[Opening Supplied data section]

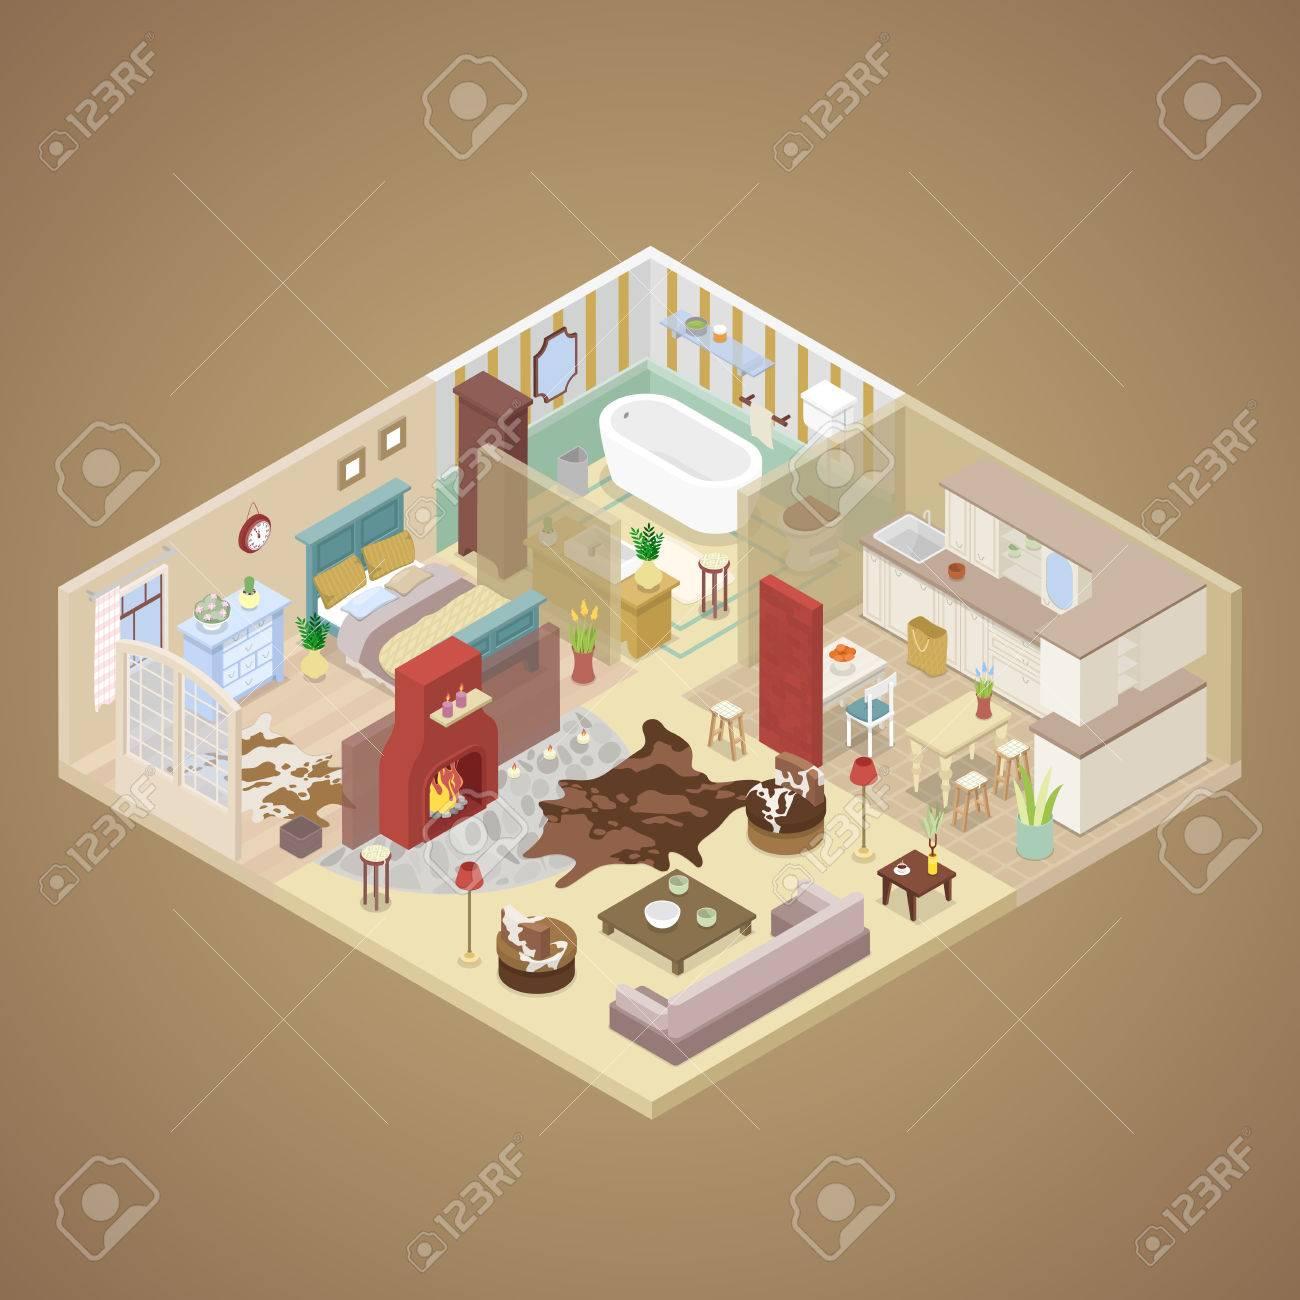 Landhaus Innenarchitektur Mit Wohnzimmer, Schlafzimmer Und Küche.  Isometrische Vektor Flache 3D Darstellung
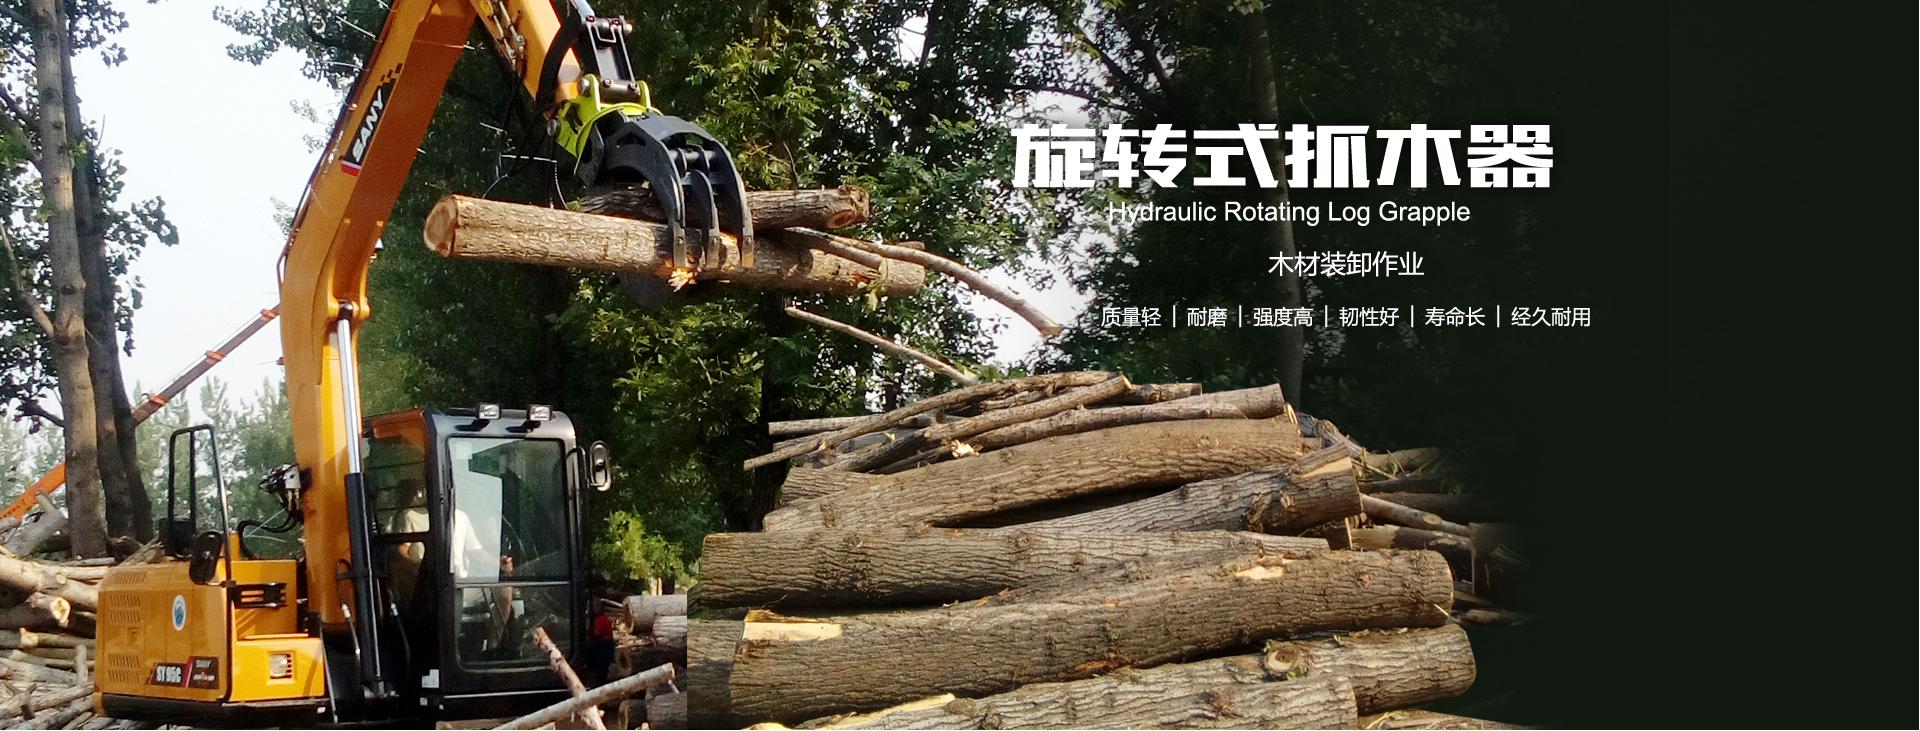 旋转式抓木器
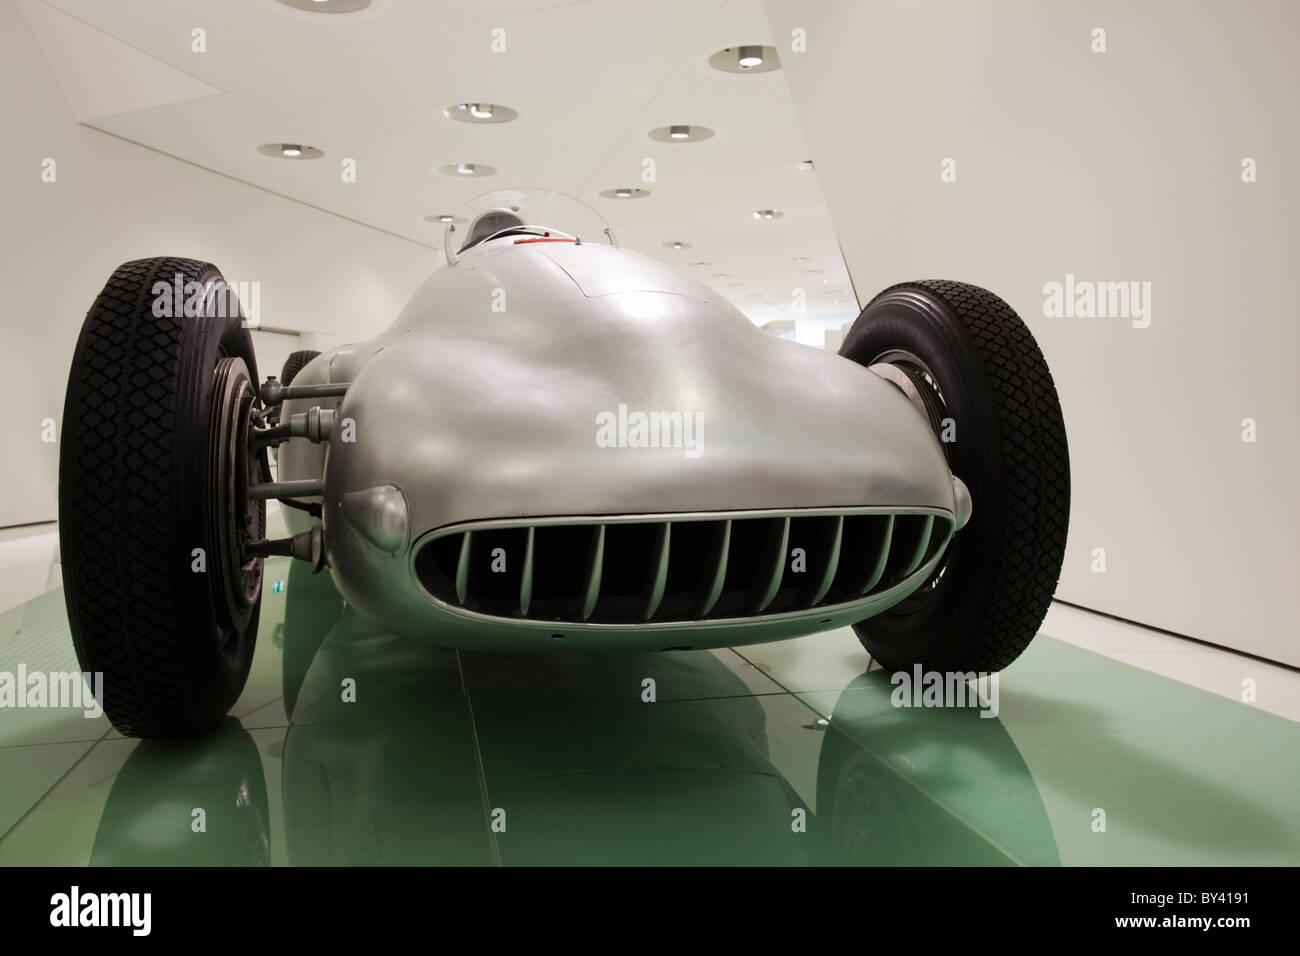 Deutschland, Stuttgart, Porsche-Museum, 1947 Porsche 360 Cisitalia auf dem display Stockbild

[Closing Supplied data section]

Exercise instructions
Write the listing out again in full and unchanged, minus any pictures.

Answer to this task
 Landhaus Innenarchitektur Mit Wohnzimmer, Schlafzimmer Und Küche.  Isometrische Vektor Flache 3D Darstellung
 旋转式抓木器
 Deutschland, Stuttgart, Porsche-Museum, 1947 Porsche 360 Cisitalia auf dem display Stockbild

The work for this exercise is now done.